The use of IT in the search for new drugs: an overview of areas
Drug companies spend a lot of money on research. So, in the table of top R & D budgets, all the companies in the Healthcare section are pharmaceutical companies that search for new drugs. The fact is that the search for a drug is akin to finding a needle in a haystack. Information technology helps to speed up this search and save money. The role of IT in the search for new drugs is partially covered in the Habré articles of the “bioinformatics” and “biotechnology” sections, including this one . However, only the biology approach is presented to readers. It also offers a more comprehensive review, taking into account advances in chemistry. If interested - go!
To begin, let's answer the question: what is needed for the medicine to work? It is necessary that the drug molecule first
1) passed through biological systems to their bio-target - for example, a substance from a pill needs to bypass the digestive tract (absorption), circulatory system (distribution), liver (metabolism) and, moreover, not to have time to get out of the kidneys (elimination), and then
2) interacted with the biotarget - this target is usually the corresponding protein.
The search always starts from the second point - no one needs a substance that the body can “pass through”, but no one needs to act. Since, on the one hand, we have a small molecule of a chemical substance, and on the other, a large protein molecule, we can approach from two different sides.

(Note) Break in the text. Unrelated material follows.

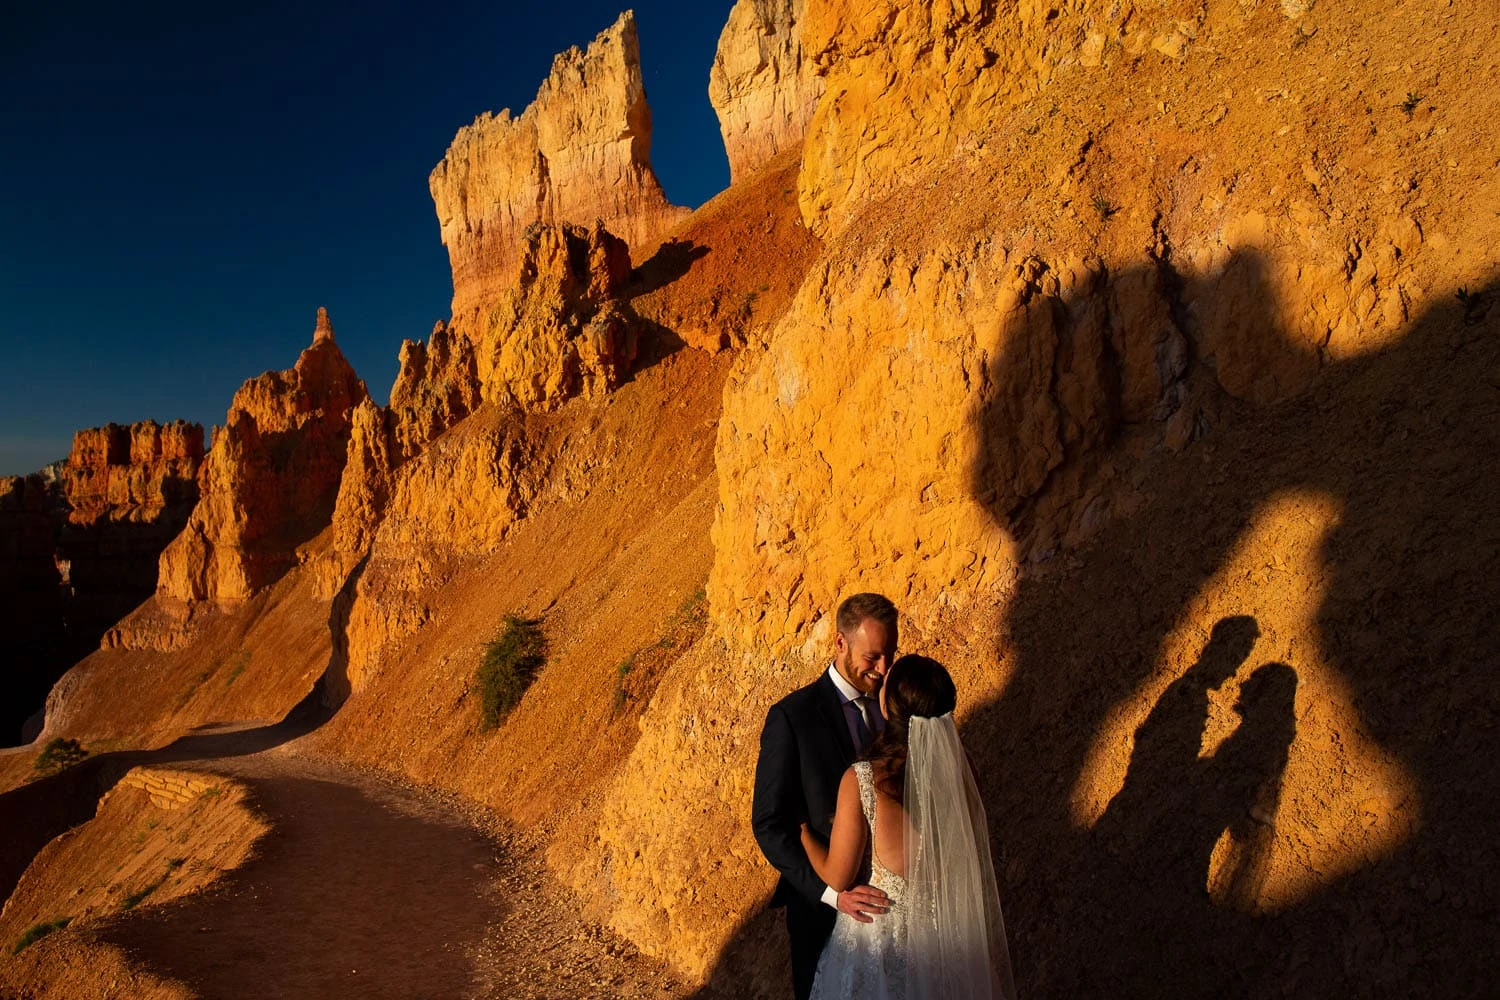 A bride and groom eloping at sunrise in bryce canyon national park.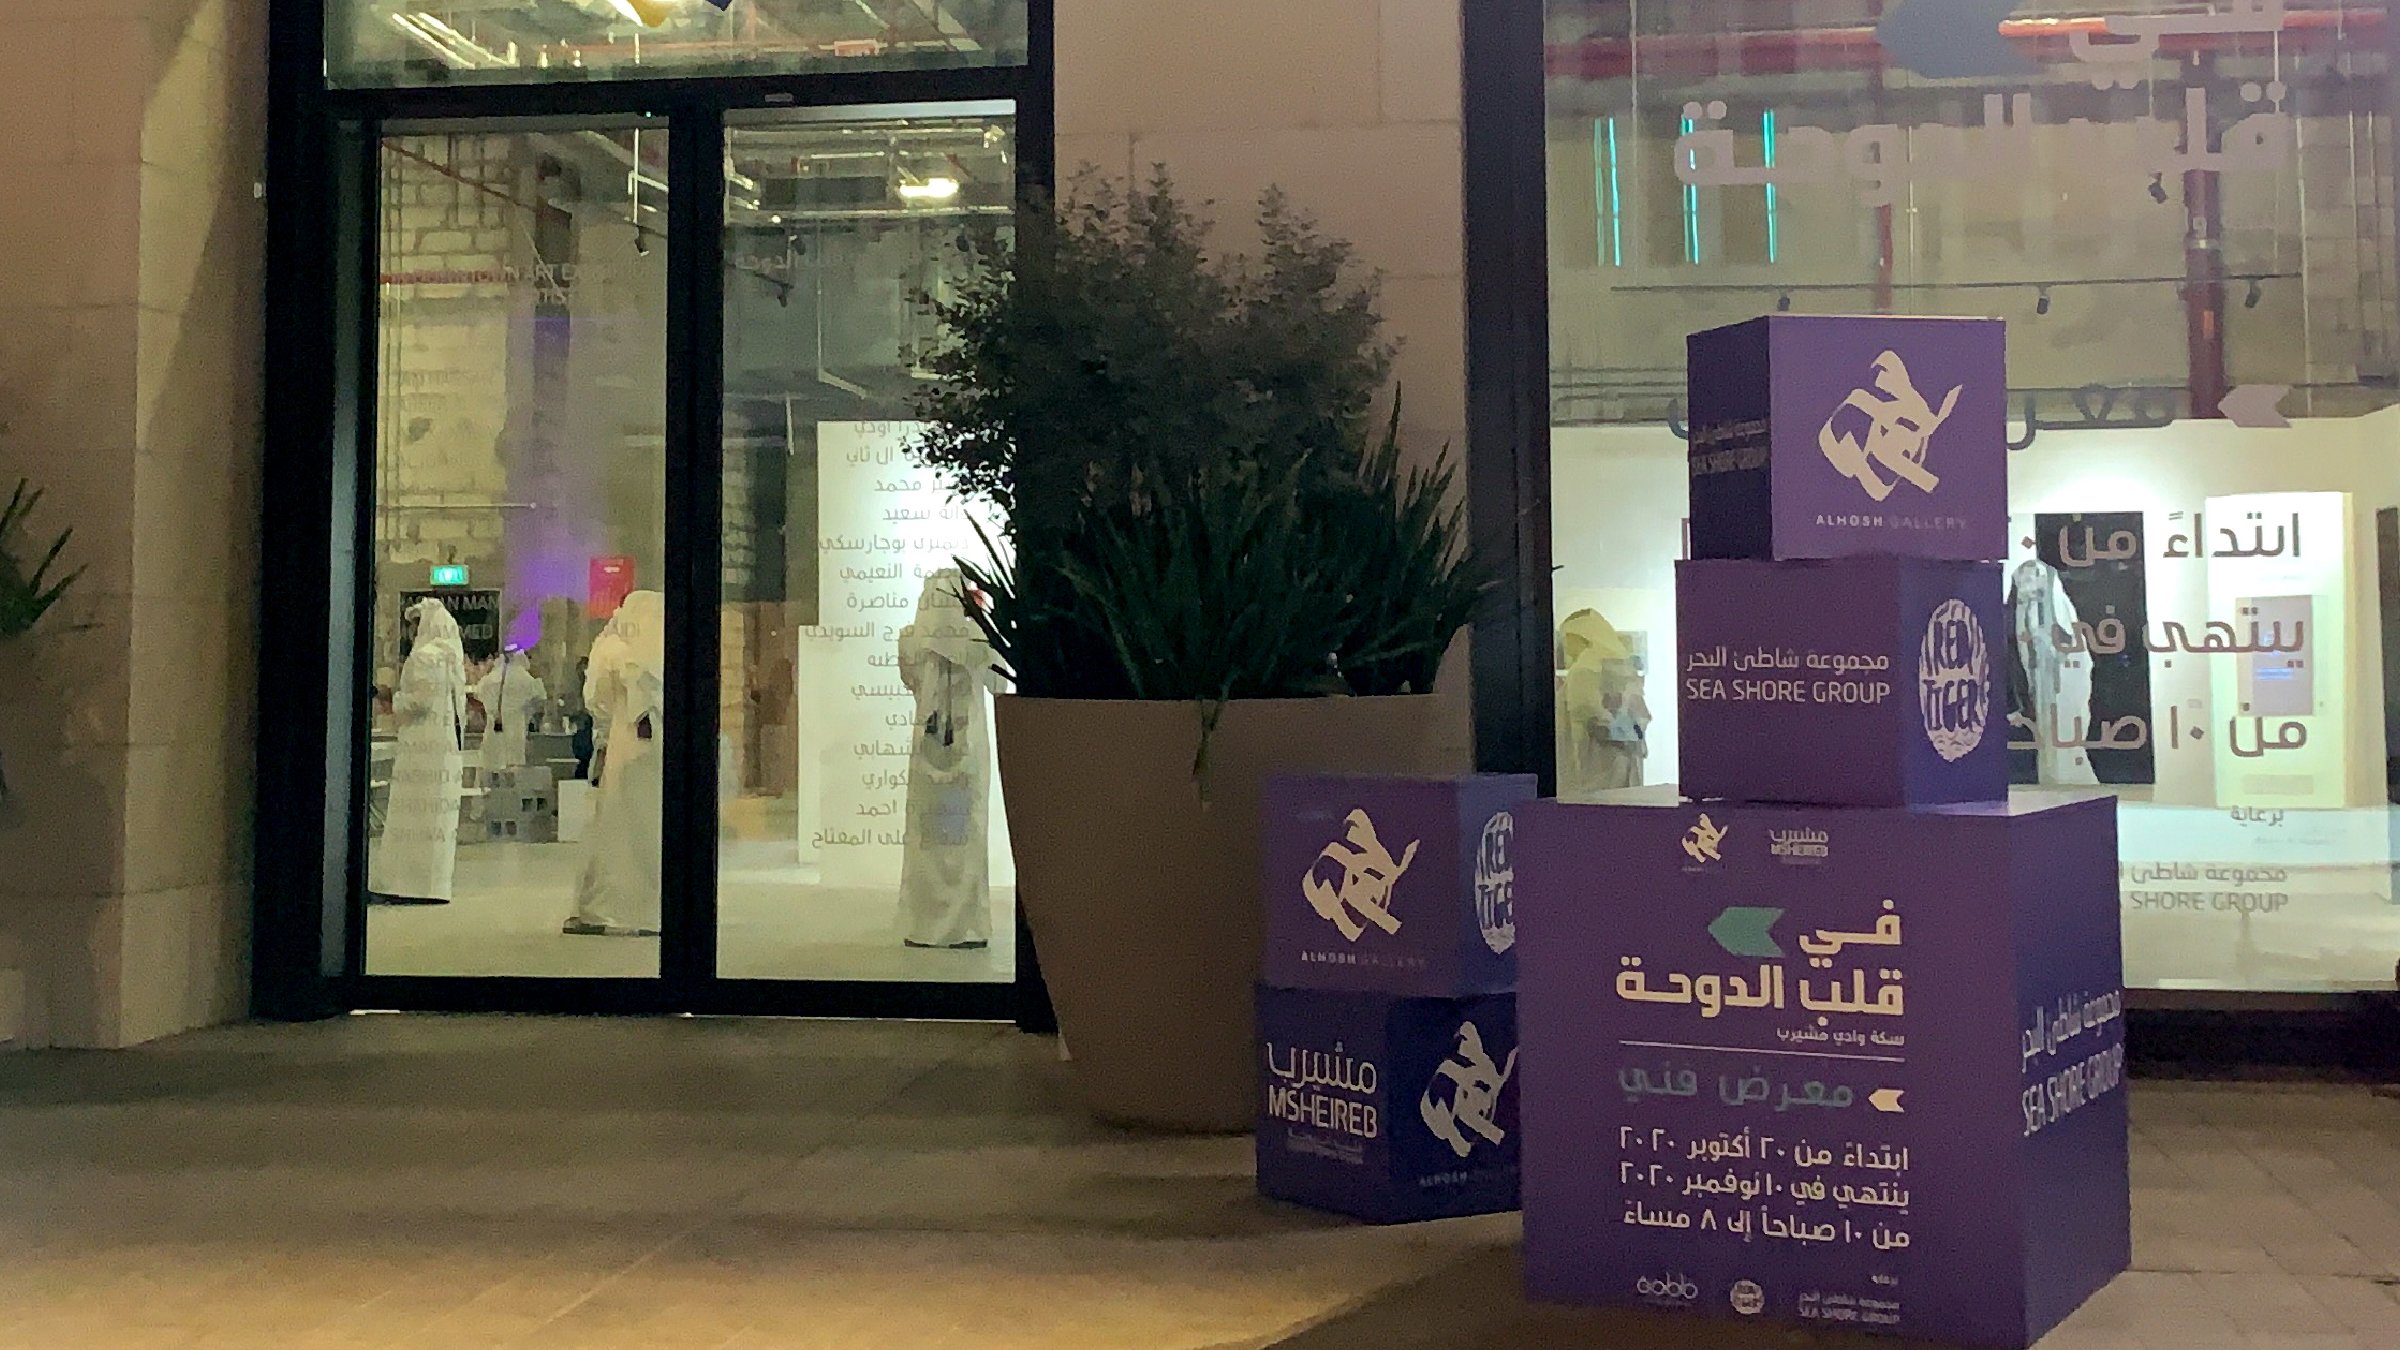 Msheireb Downtown Doha hosts Al Sikka ‘Gourmet Street’ and “In Downtown” exhibition

The target approach ( target-based , “biological” approach) implies that we first choose a biotarget whose crystalline structure is known, and then we investigate the possibility of its interaction with a multitude of molecules about which we may not know anything (that is, even if There is some information about their properties - it is not used). The very possibility of interaction is studied using the so-called docking . Briefly, the procedure is as follows: we find the structure of the protein of interest to us, crystallized along with a known active substance ( .pdb file, for example, on the website rcsb.org ), open it with a suitable program (which is able to visualize the structure of the protein), remove the ligand from there call a substance that interacts with a large molecule), create or find a base of drawn molecular structures (virtual library), and check each molecule how well it fits into the freed pocket. That is, we are looking for its most advantageous position in the pocket with the help of a gradient descent (and its improvements) or (less often) a genetic algorithm. Difficulties: 1) the structure of many proteins is difficult to obtain, since it is impossible to crystallize them; 2) a small molecule can have many variants of spatial arrangement (conformations), moreover, when interacting with a protein, the conformation may change ( induced conformation ).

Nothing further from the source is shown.